On a similar but unrelated note, our crack staff at Inappropriate Obama Merchandise has received transcripts of a wiretapped conversation between embattled Illinois governor Rod Blagojevich (AKA The Rodfather) and Mr. Obama:

		                DON OBAMA a man makes his living is
		none of my business.  But this
		proposition of yours is too risky.
		All the people in my family lived
		well the last ten years, I won't
		risk that out of greed.

		Are you worried about security for
		your million?


		The DNC will guarantee your
		investment also.

	This startles JOE BIDEN; he blurts out.

		The DNC guarantees our investment?

	BLAGOJEVICH hears him first, and then very slowly turns to face
	him.  Everyone is the room knows that JOE BIDEN has stepped out
	of line.

Obama girls Beanie Babies

01/25/2009 by
Obama girls in Beanie Baby form

Obama girls in Beanie Baby form

Bush may be gone, but it’s still ok to be ashamed to be an American.  That’s because American Toy company Ty is marketing the “Sweet Sasha” and “Marvelous Malia” dolls.

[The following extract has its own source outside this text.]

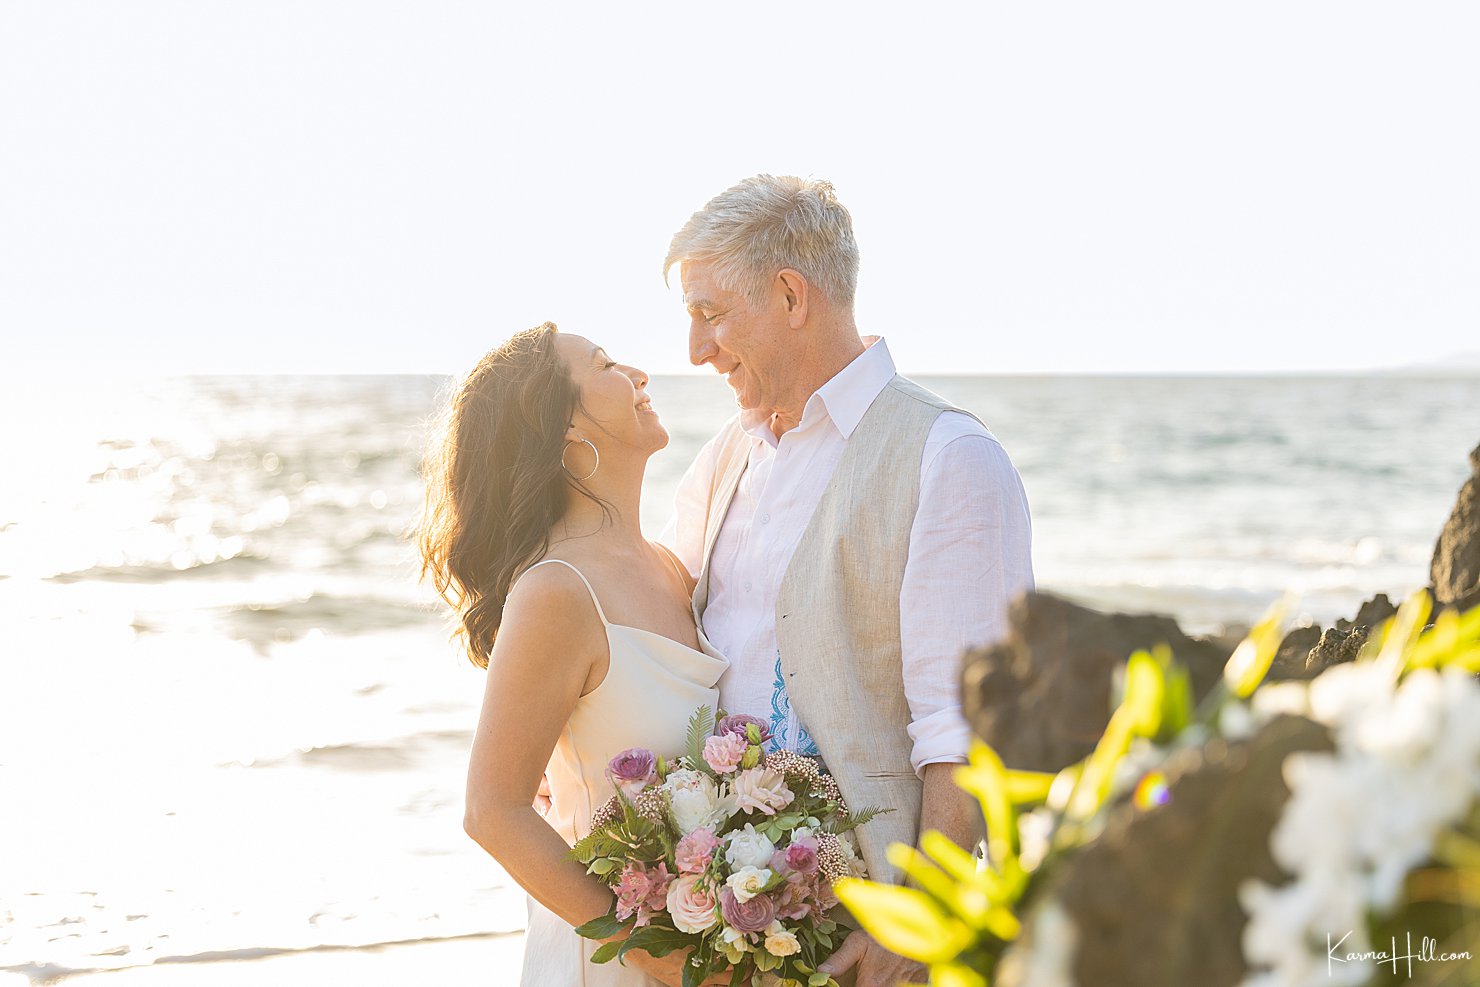 Photo inspiration to get married in Maui
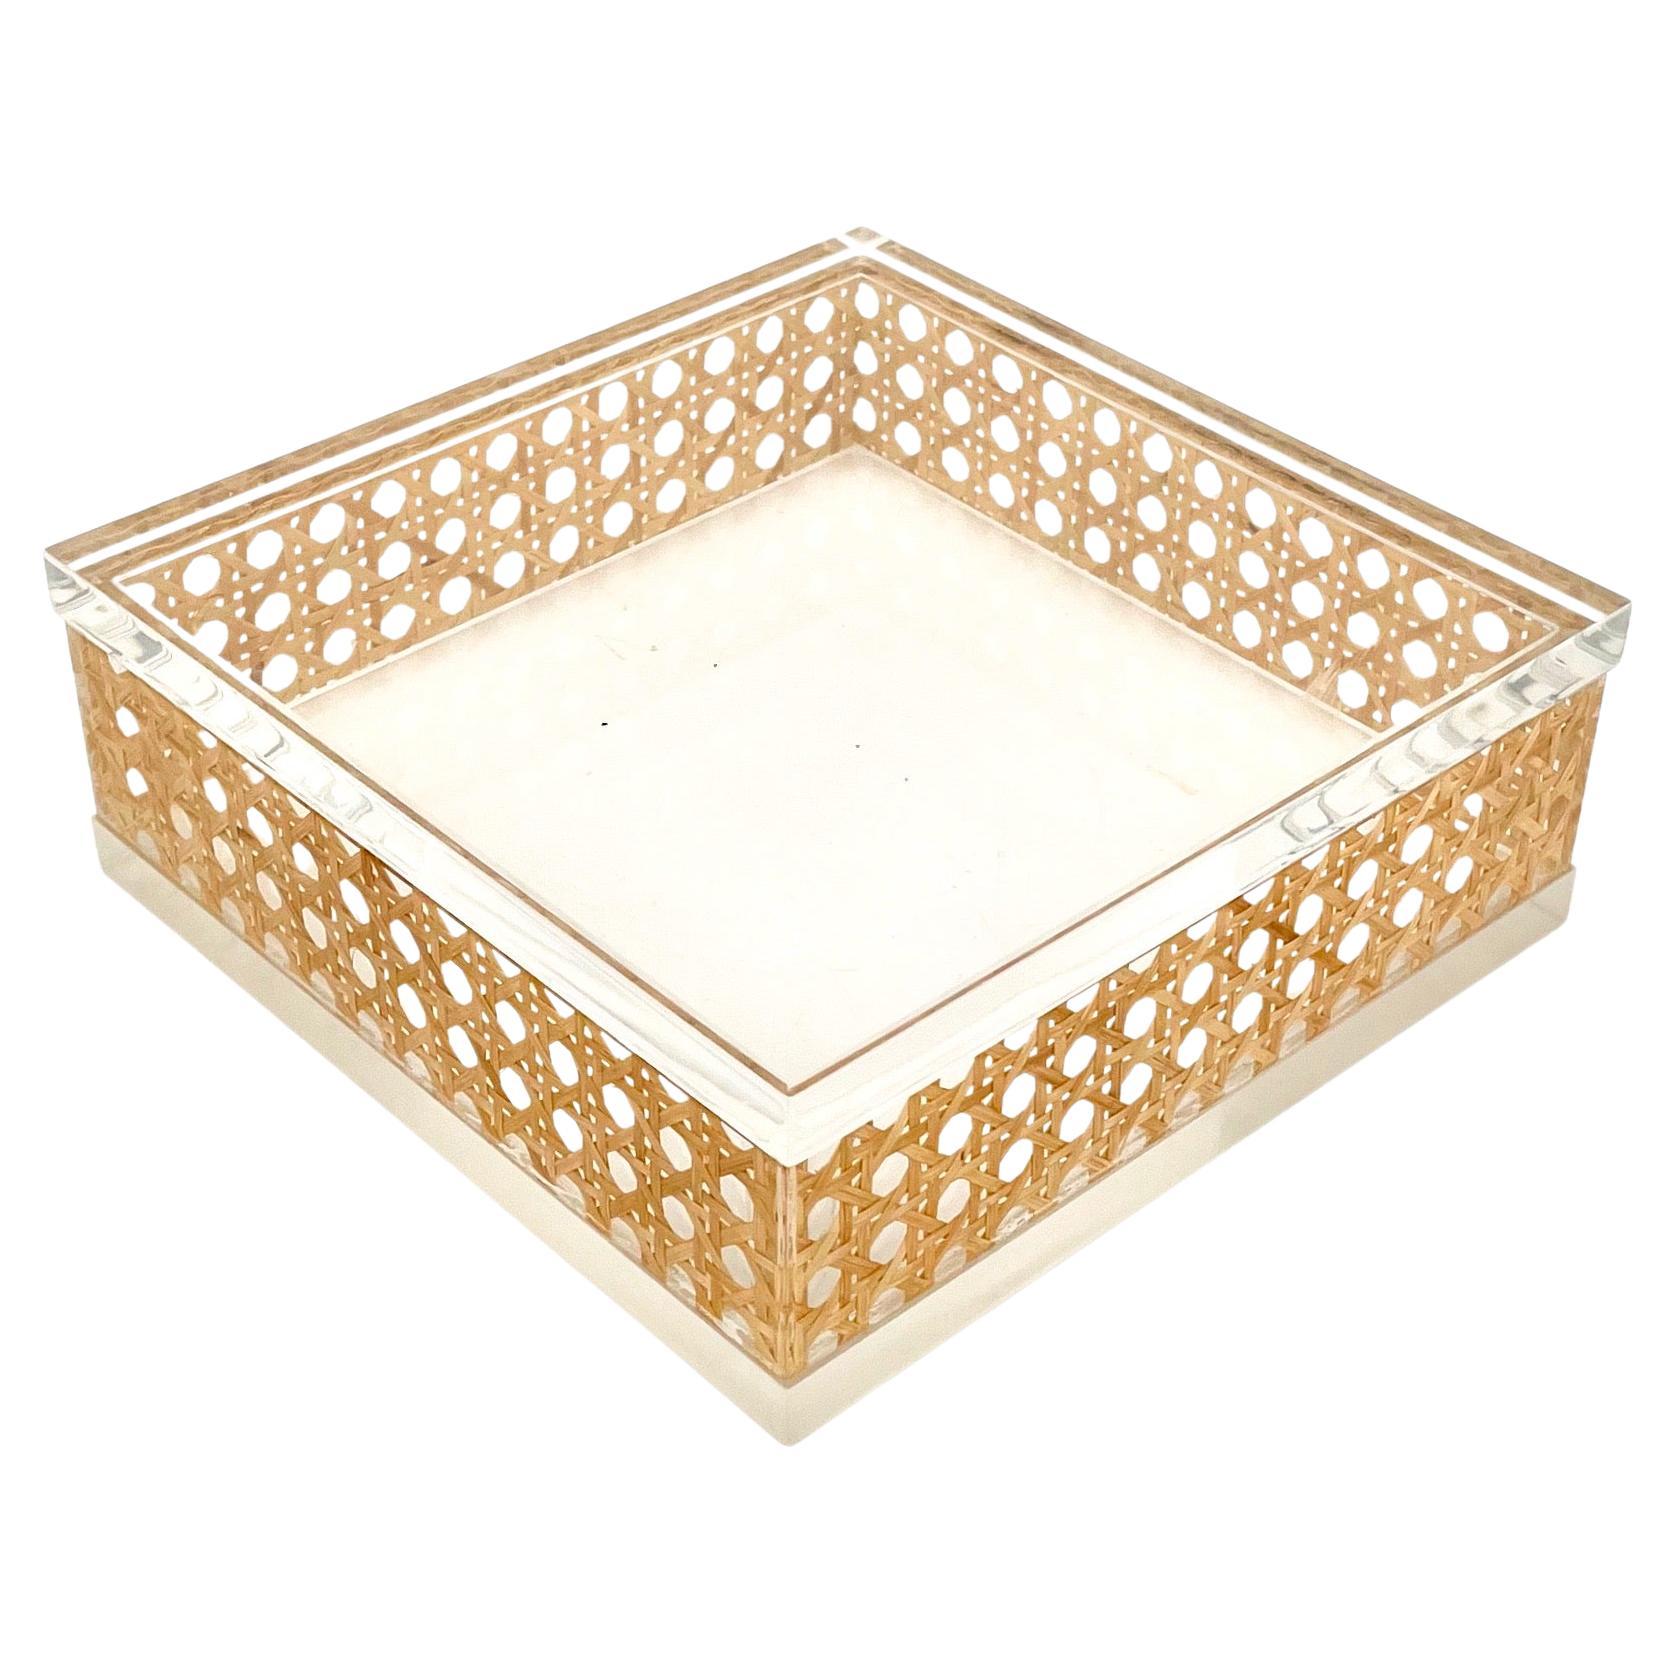 Squared Box Lucite and Rattan Christian Dior Home Style, Italy 1970s

The Office of the First Lady released a statement blasting the toy company. “We feel it is inappropriate to use young private citizens for marketing purposes,” said a spokesperson for Michelle Obama.

Ty has a different point of view, as CNN explains:

When CNN asked a Ty executive whether the Obama girls were the inspiration for the dolls, she hesitated several seconds before

“Information concerning the development of our products and how we come up with names, how we select them, how we
trademark — that’s considered as proprietary,” Ty Senior Vice President of Sales Tania Lundeen said. “I can’t go any further with that question.”

Jeeze, I wonder where they came up with the idea to name the dolls Sasha and Malia?

On the one hand, I think it’d be awesome if there were some kind of Awesome Kyle doll.  On the other hand, this seems a little out of line.  I’d like to take this opportunity to thank Michelle’s spokesperson for using the word “inappropirate” in their statement.  Made searching for this article really easy.